Flanking battery in the Bastion of Provence

Following the events of the Great Siege, Birgu was renamed Civita Victoriosa, or Citta Vittoriosa – the Victorious City. However, according to Braudel, the Great Siege of 1565 – highly charged with the dreadful fear of the unknown, dramatic, full of atrocities and heroism, intense religious possession, and much loss of life, constituted no significant turning point for the Turks. Their main losses were replaceable men, their morale was far from broken, and their desire for revenge had strengthened. Yet for the local inhabitants, the successful outcome of the Siege marked an important turning point for the Order, for Malta, and for Cottonera. Their social and economic history had to be rebuilt almost from scratch.

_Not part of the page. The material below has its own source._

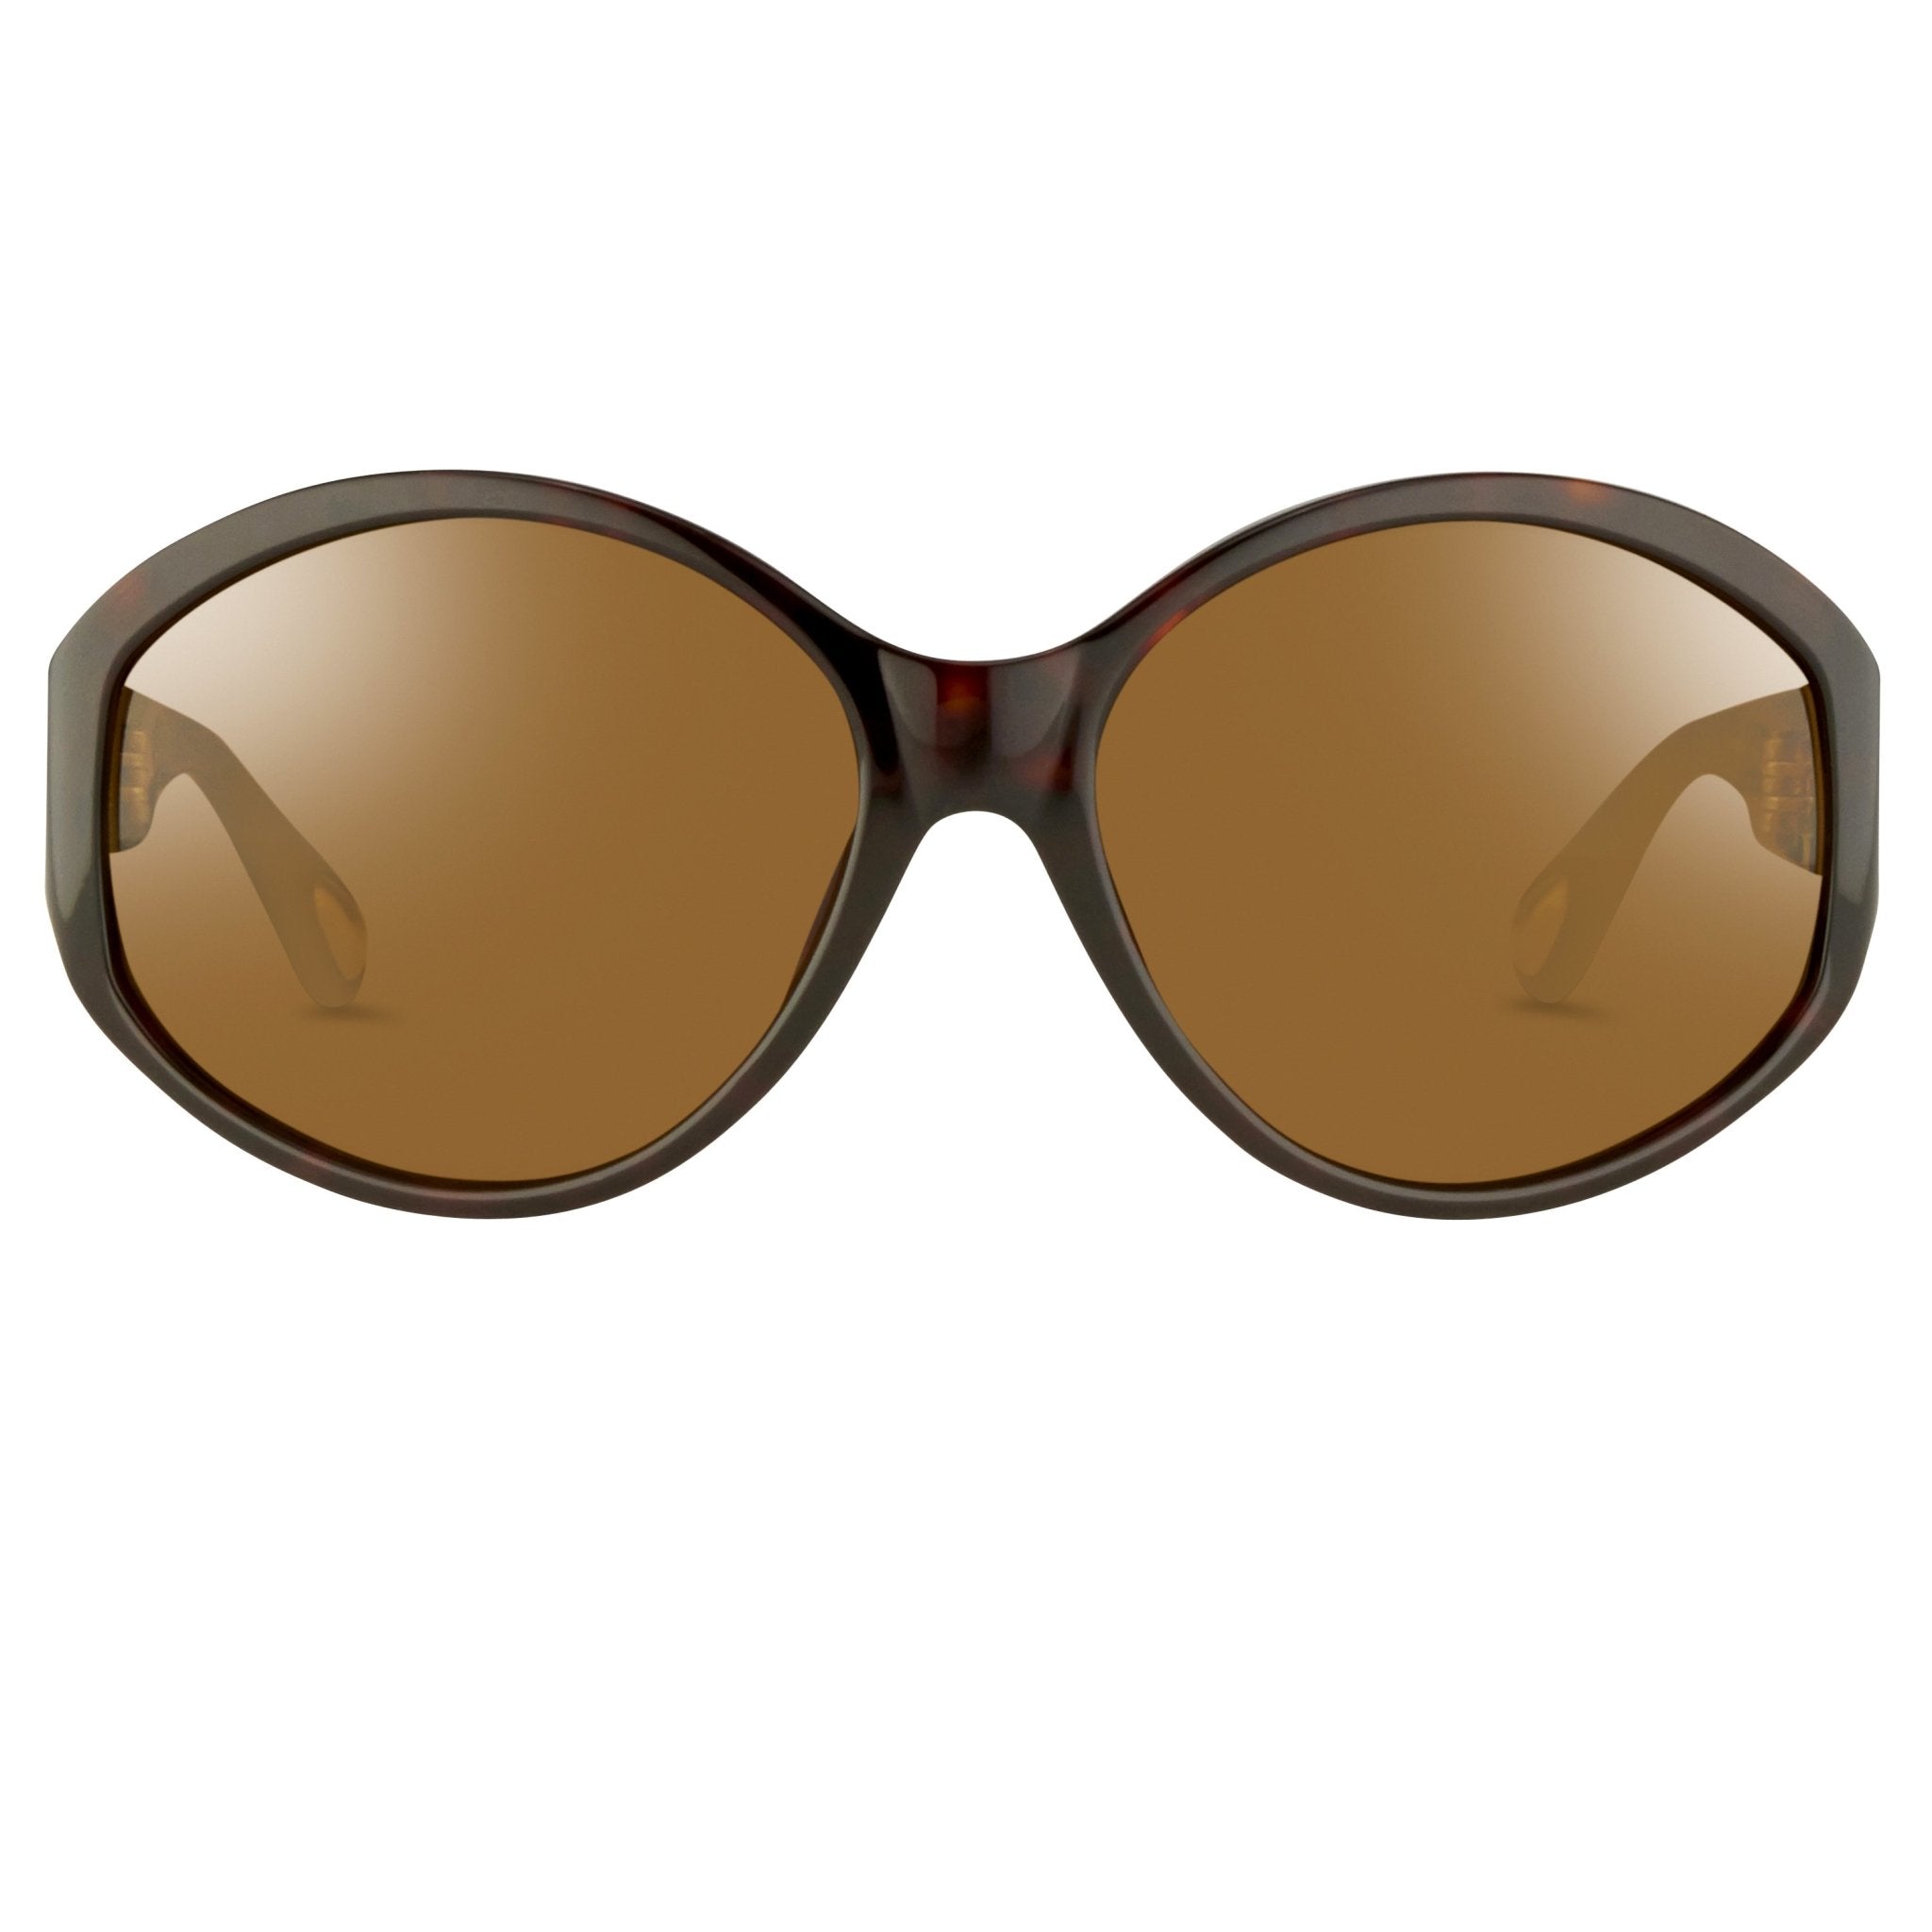 Ann Demeulemeester Sunglasses Oversized Tortoise Shell 925 Silver with Brown Lenses Category 3 AD6C4SUN - Watches & Crystals

After the Siege, Bosio described Citta Vittoriosa as being a compassionate sight. Some 12000 inhabitants, almost half the population of Malta, with all their belongings, were compelled for lack of houses to live and sleep out in the open. There they were exposed to the extreme summer heat during the day and the pernicious humidity during the night. Lying in open squares, they suffered all sorts of hardship, not least that of thirst, and of having to tolerate the unbearable stench of foul breath, perspiration, and other similar inconveniences created when crowds of temporarily homeless people as well as multitudes of animals live together. These conditions were quite amenable to the outbreak and spread of plague.

The retrenchment at the Post of Castille

Birgu Land Front

The surviving peasants who returned to their land found an extensively destroyed landscape. Their hamlets and houses were burnt to the ground, with no livestock, equipment, or seed left. Thus, the process of land abandonment and decay so prevalent in the middle ages had come to a climax as Malta was a total ruin and a wilderness.

It was in this situation that the Order decided to accelerate the moving of its administrative seat from Vittoriosa to Valletta. This it did in 1571, leaving behind the Bishop and his Curia in Vittoriosa, thus highlighting the differences that had grown between the Grandmaster and the Bishop. This rift contributed to the establishing of the Gran Roman Apostolic Inquisition in Malta in 1574 – originally intended to reconcile them. However it took some 50 years before Bishop Cagliares and his Curia followed the Order into the new Capital of Valletta in 1620.

Having settled in Valletta, the Order was still concerned with the inadequacy of the fortifications on the other side of the Grand Harbour. At around 1588, the Order planned to raise cavaliers on St John and St James bastions to a maximum height of three vaulted chambers so as to be able to sight enemy artillery on the then barren Santa Margerita Lines. The Order also constructed several sophisticated outworks and a powerful horn-work facing the Bighi peninsula and the San Salvatore heights. Yet by 1654 the land-front fortifications including the two cavaliers were still incomplete and militarily imperfect – presenting the need for considerable and urgent repairs.

By 1715, to the following 16th Century land-front fortifications were in dire need of repairs:
  • The curtain wall between the demi-bastion of St Lawrence and Galley Creek required proper alignment with its counterpart in Senglea,
  • The Post of Castille required substantial modifications, and
  • The Santa Margerita and the Cottonera Lines were still incomplete;
while The Chemin Couvert – the ‘covered way’ in the area of St James Bastion, which was added in the late 17th Century, also required major repairs and adjustments.

French engineers' plan of Vittoriosa's fortifications around 1714, showing proposals for new bastions
Curtain of France
Much of this work was accomplished by 1730, and by 1736 the land-front was considerably strengthened by the successive building of the Santa Margerita Lines (1638-1736), encompassing the 1718 gridiron suburb of Bormla, and the Cottonera Lines (1670-1736). These dual lines of defence present the most important cover defence strategy for Cottonera adopted by the Order between 1530 and 1798.